Nogales is a municipality in the state of Sonora in northwestern Mexico, being the most densely populated municipality in Sonora. The name "Nogales" is the Spanish word for walnut trees.

==Geography==
The northern boundary of the municipality is located along the U.S.—Mexico border.

The seat of the municipality is the City of Nogales. The city is abutted on its north by the city of Nogales, Arizona, United States.

==History==
The independent municipality of Nogales, which included the town of Nogales, was established on July 11, 1884. The municipality of Nogales covers an area of 1,675 km^{2}. Nogales was declared a city within the municipality on January 1, 1920.

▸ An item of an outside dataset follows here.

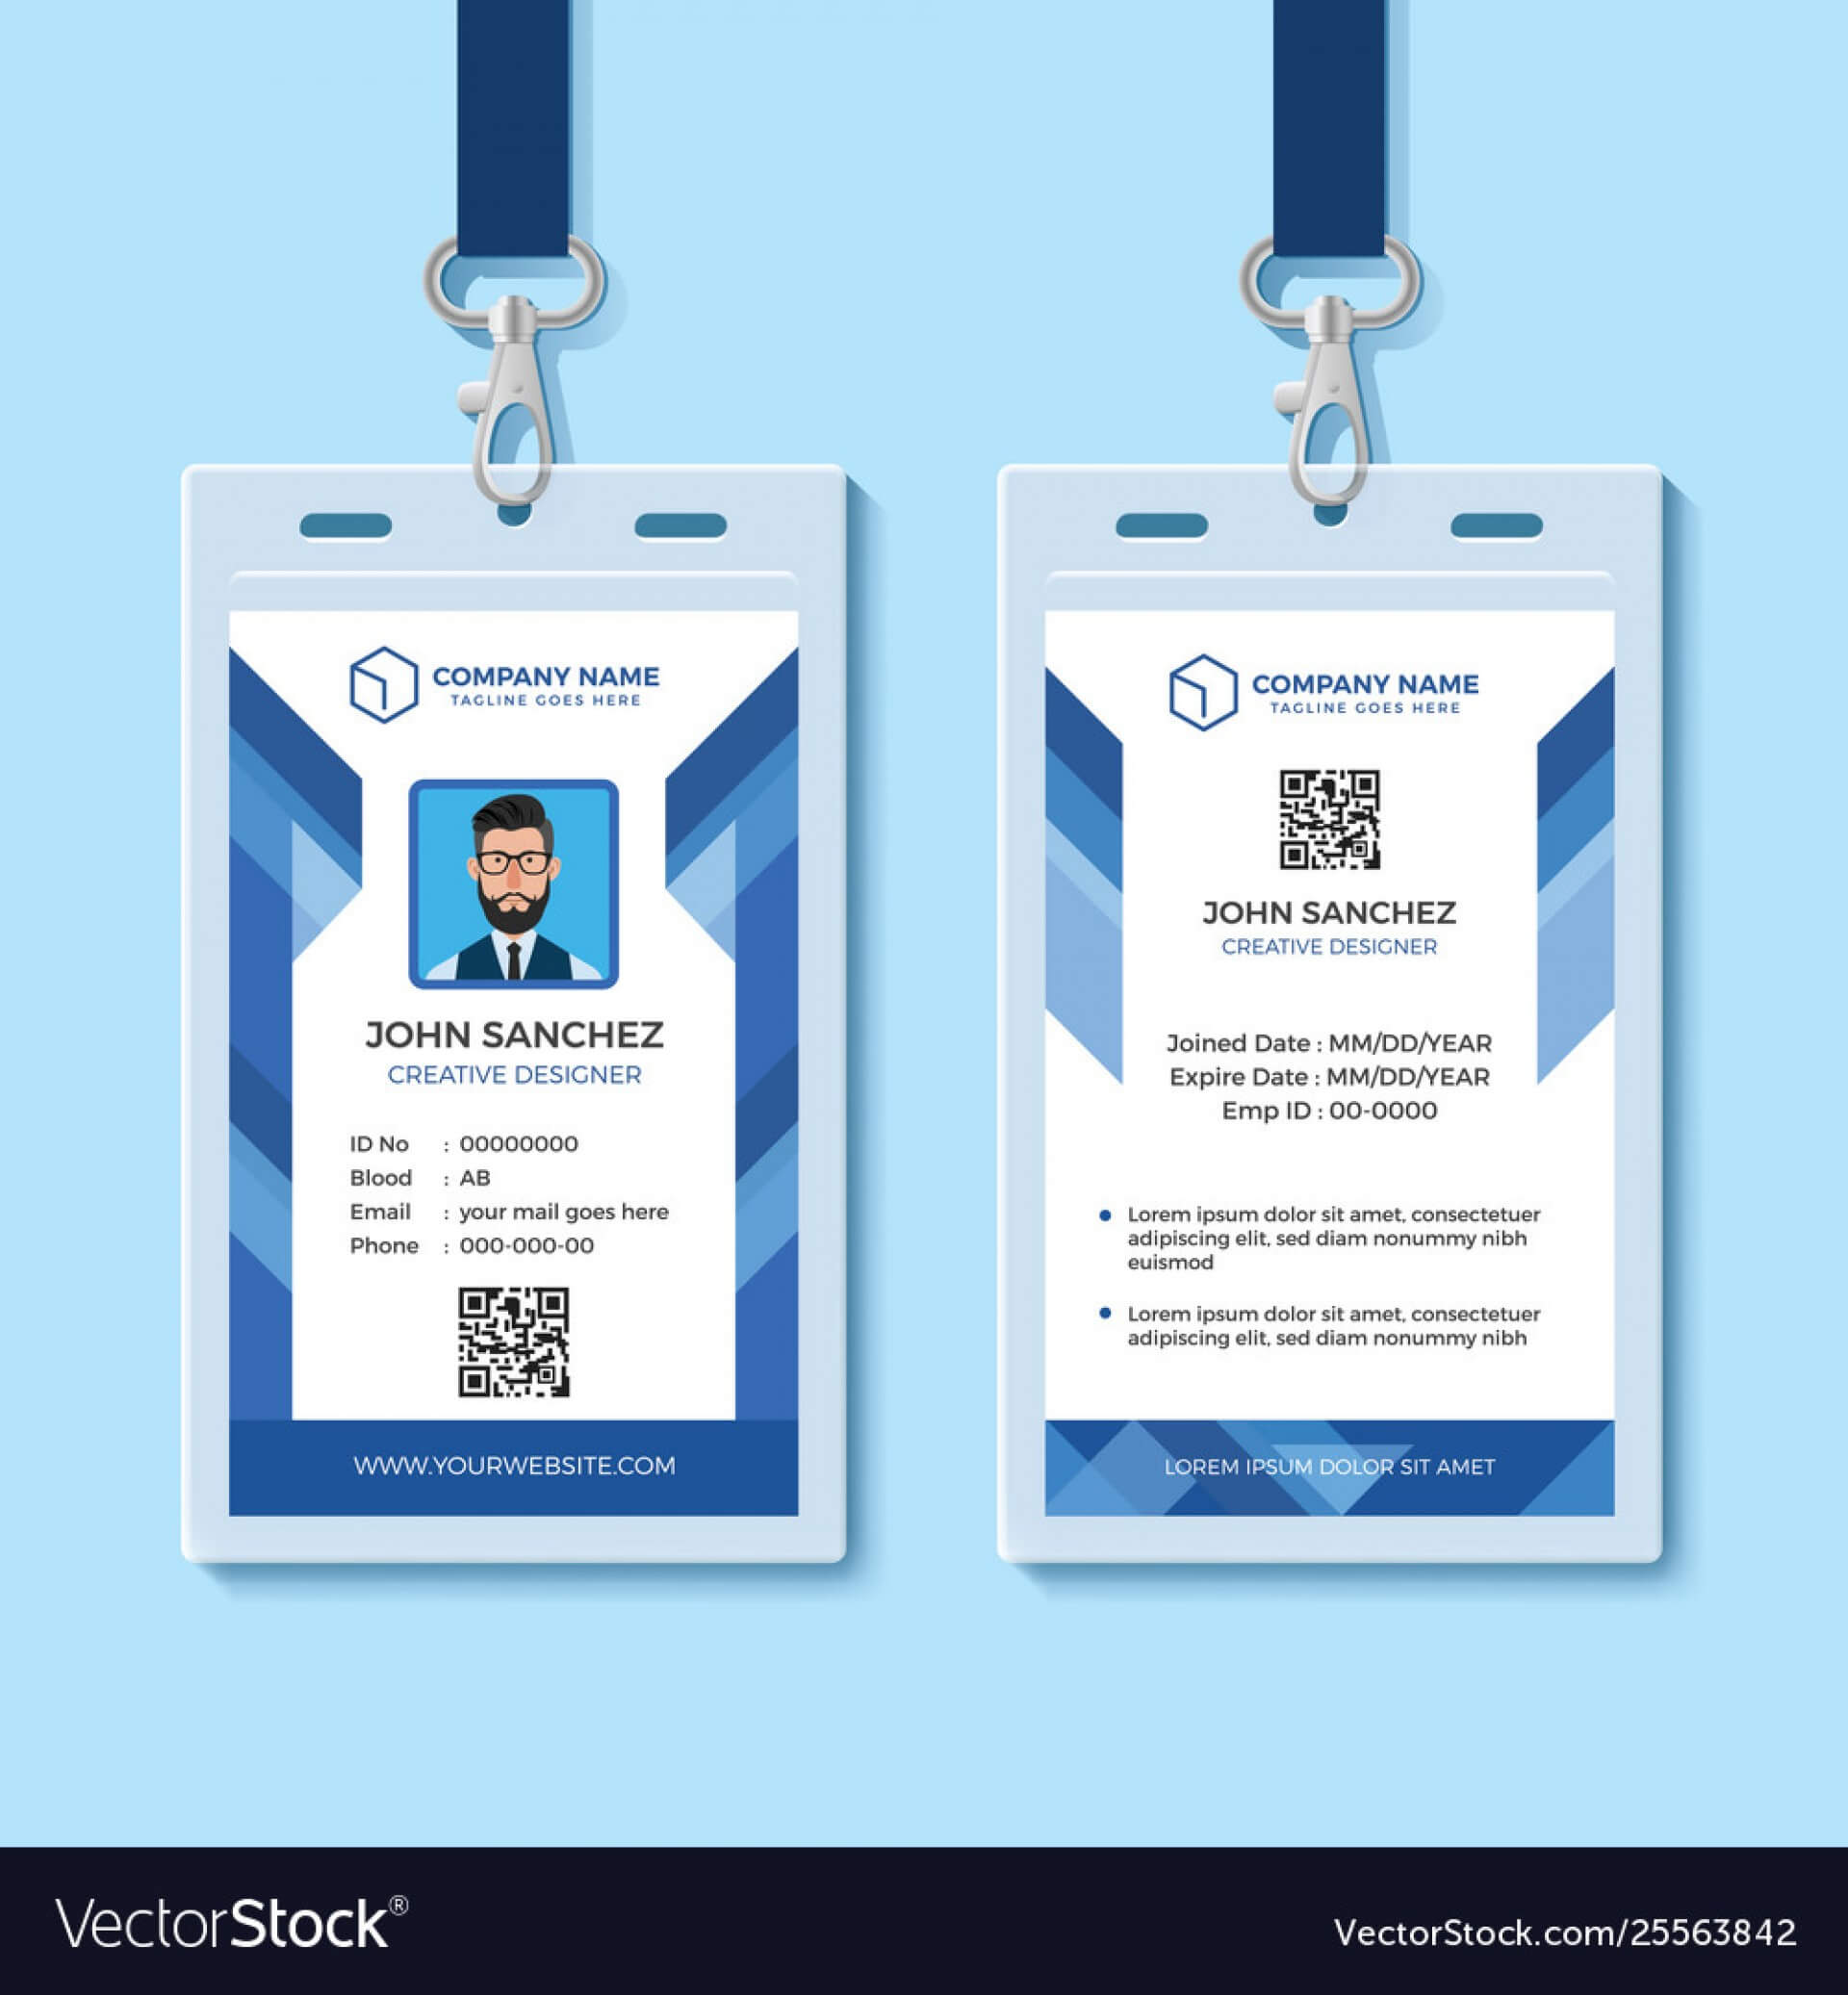 042 Template Ideas Employee Id Card Templates Blue Design Inside Employee Card Template Word

===Escobarista Rebellion===
Early in March 1929, the Escobarista Rebellion exploded in Nogales, sponsored by Obregonistas, supporters of President Álvaro Obregón, who had been assassinated on July 17, 1928. General Manuel Aguirre, commanding the rebellious 64th Regiment, took power without firing a shot, causing federales from Naco to send a daily airplane to attack the rebels. It dropped a few bombs over Nogales without doing any damage, while the rebels fought back with machine guns from the roofs without doing any damage to the airplane. There was only one casualty, a woman who was scared by a bomb explosion and had a heart attack. That same month, a hooded man appeared at night driving a tank on Morley Street on the U.S. side, then entered Mexico to help the federales in Naco. It seems that the tank had been bought in 1927 for fighting the Yaquis, but U.S. officials prohibited it from leaving the U.S., and it had been kept in a warehouse in Nogales, Arizona.

== Government==
The municipality of Nogales was governed by the Institutional Revolutionary Party (PRI) from 1931 until the 2006 elections, when power shifted to the National Action Party (PAN). After more than seven decades of being in power, the PRI was ousted by PAN when long-time businessman and philanthropist Marco Antonio Martínez Dabdoub ran for the presidency of Nogales, and gained access to the municipal government after having won by 30,826 votes against 23,892 of his PRI opponent.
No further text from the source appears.